想使用xarm搭建一个通过视觉(yolo)进行抓取的系统.(仅供参考,自己复盘用,初学者)
1,先使用xarm_ros(github)搭建自己想要的环境.
准备使用xarm_gazebo中的xarm6_beside_table.launch文件(但是world选择xarm_camera_scene.aorld).我希望在xarm末端处有一个D435i摄像机.同时,在桌子的上方也设置一个D435i.
通过上面的D435i确定坐标,去抓取.而末端处的D435i是为了减少末端的移动误差.

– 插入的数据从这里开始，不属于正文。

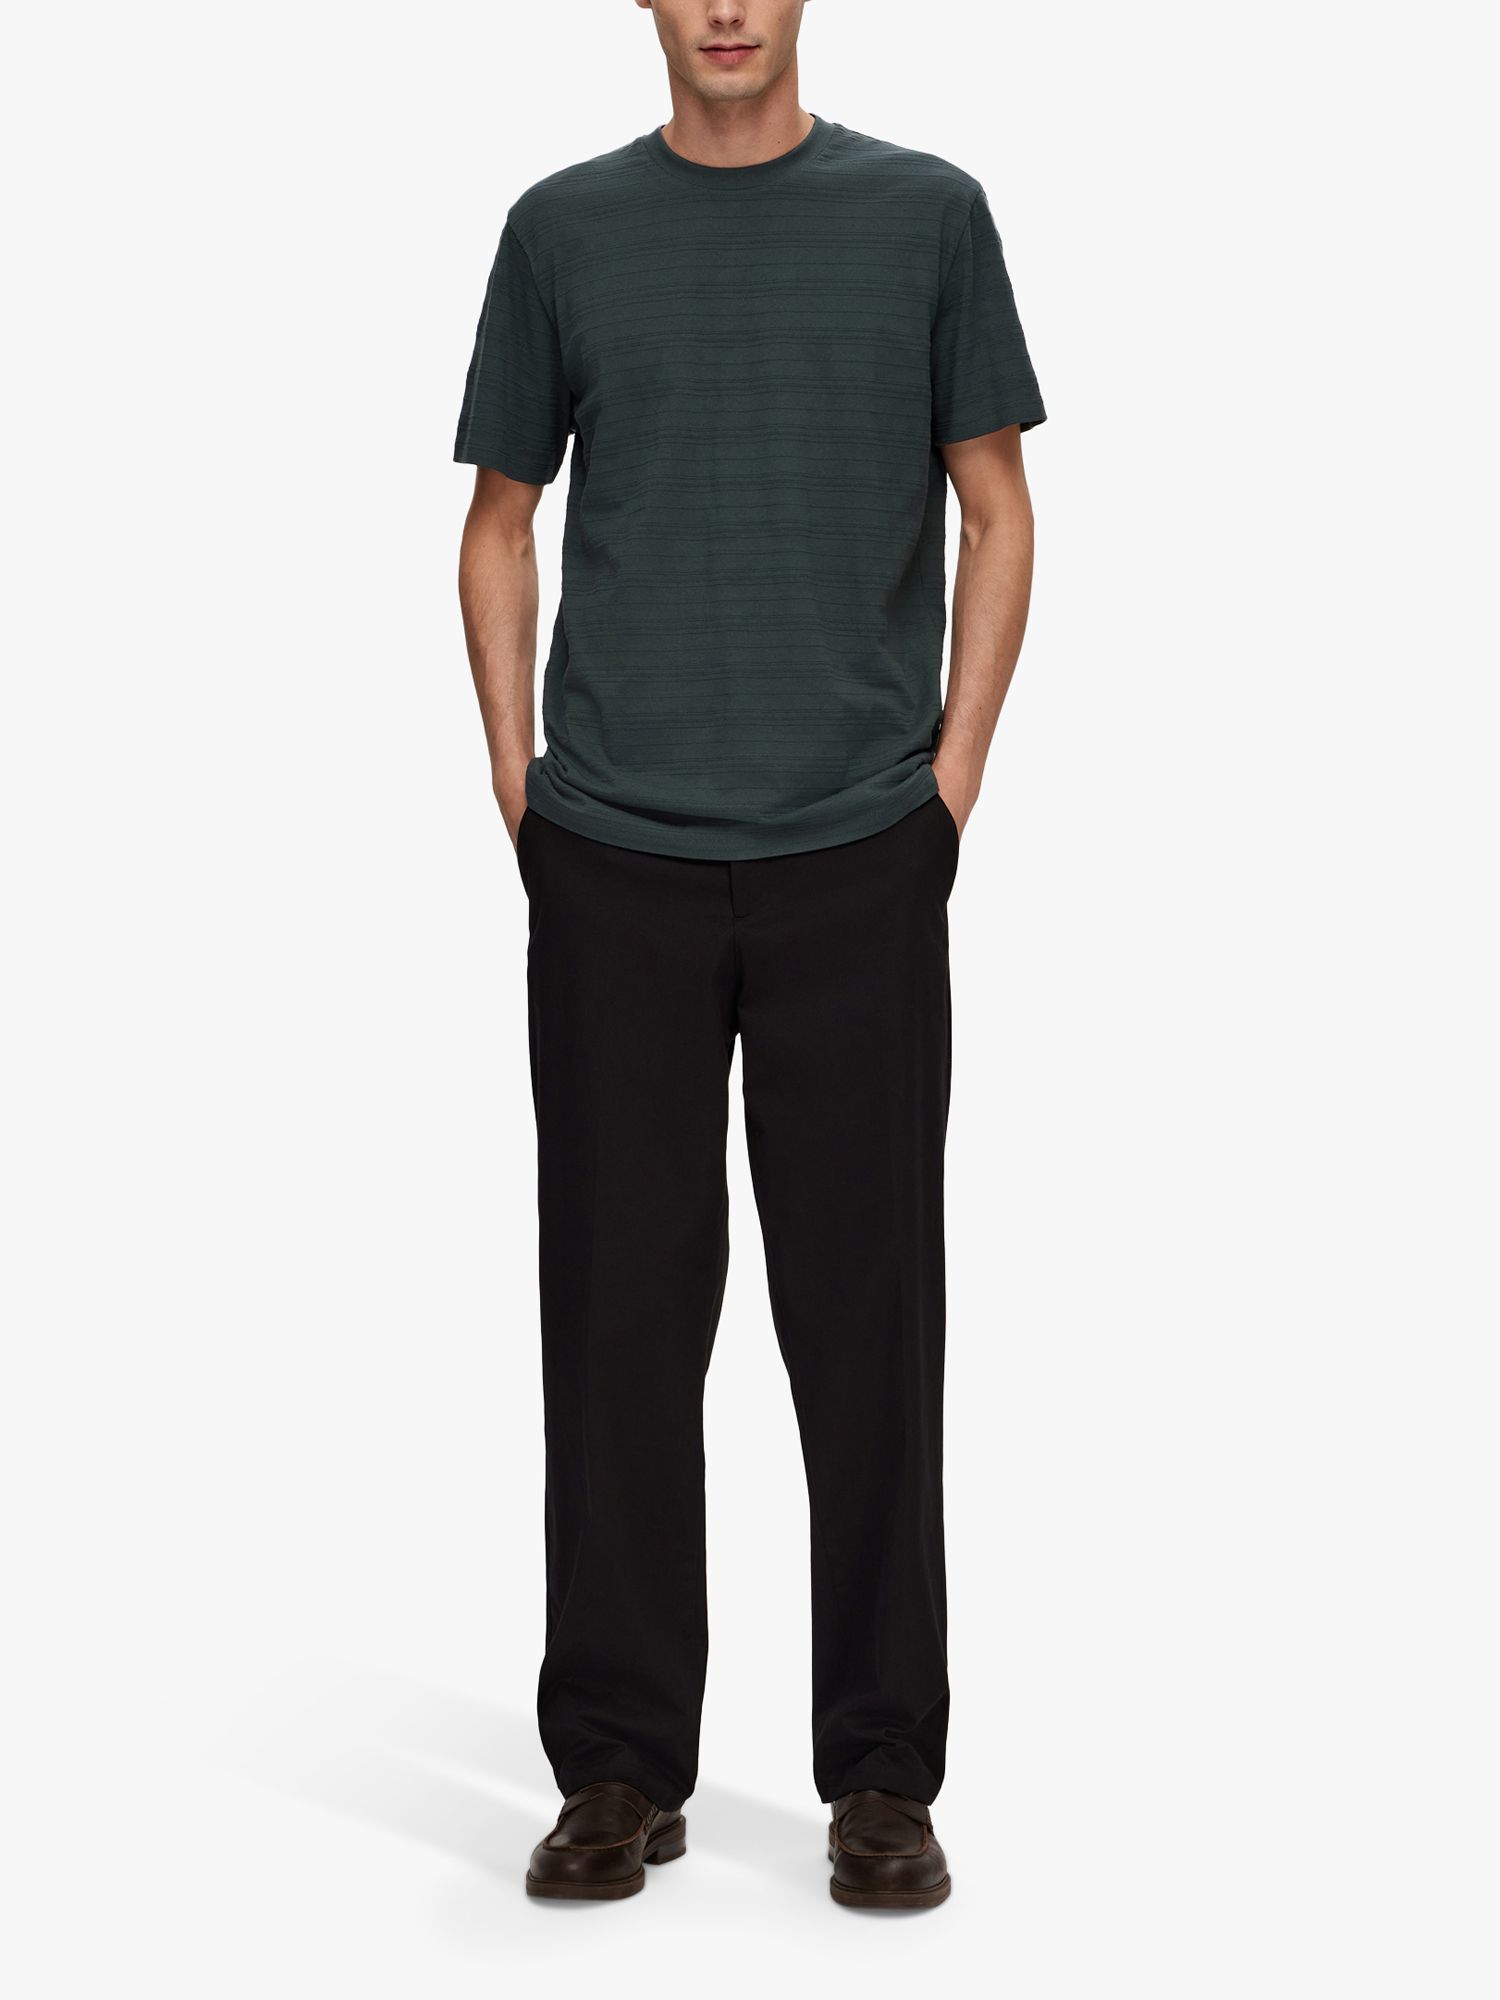 SELECTED HOMME Jacquard Short Sleeve T-Shirt, Green

首先修改xarm_gazebo中的xarm6_beside_table.launch.把realsense_ros_gazebo(github)中的simulation_D435i_sdf.launch内容复制到xarm6_beside_table.launch里(xarm位置进行了调整)
<?xml version="1.0"?>
<launch>
<arg name="run_demo" default="false" doc="If true, perform the demo after launch"/>
<arg name="paused" default="false" doc="Starts gazebo in paused mode" />
<arg name="gui" default="true" doc="Starts gazebo gui" />
<arg name="effort_control" default="false"/>
<arg name="velocity_control" default="false"/>
<arg name="add_gripper" default="false" />
<arg name="add_vacuum_gripper" default="false" />
<arg name="namespace" default="xarm"/>
<arg name="model1300" default="false" />
<arg name="add_realsense_d435i" default="false" />
<arg name="add_d435i_links" default="false" />
<arg name="robot_sn" default="" />
<arg name="x" default="0"/>
<arg name="y" default="0"/>
<arg name="z" default="2"/>
<arg name="R" default="1.57"/>
<arg name="P" default="0"/>
<arg name="Y" default="1.57"/>
<!-- vehicle model and world -->
<arg name="sdf" default="$(find realsense_ros_gazebo)/sdf/D435i/model.sdf"/>
<arg name="xarm_velocity_control" value="$(eval arg('velocity_control') and not arg('run_demo'))" />
<rosparam file="$(find xarm6_moveit_config)/config/xarm6_params.yaml" command="load" ns="$(arg namespace)"/>
<rosparam if="$(arg add_gripper)" file="$(find xarm_controller)/config/gripper/gripper_gazebo_ros_control.yaml" command="load"/>
<!-- startup simulated world -->
<include file="$(find gazebo_ros)/launch/empty_world.launch">
<arg name="world_name" value="$(find xarm_gazebo)/worlds/xarm_camera_scene.world"/>
<arg name="paused" value="$(arg paused)"/>
<arg name="gui" value="$(arg gui)"/>
</include>
<!-- send robot urdf to param server, joint limit may be overwritten if use moveit planner -->
<param name="robot_description" command="$(find xacro)/xacro
--inorder '$(find xarm_description)/urdf/xarm_device.urdf.xacro' robot_type:=xarm dof:=6
add_gripper:=$(arg add_gripper) add_vacuum_gripper:=$(arg add_vacuum_gripper)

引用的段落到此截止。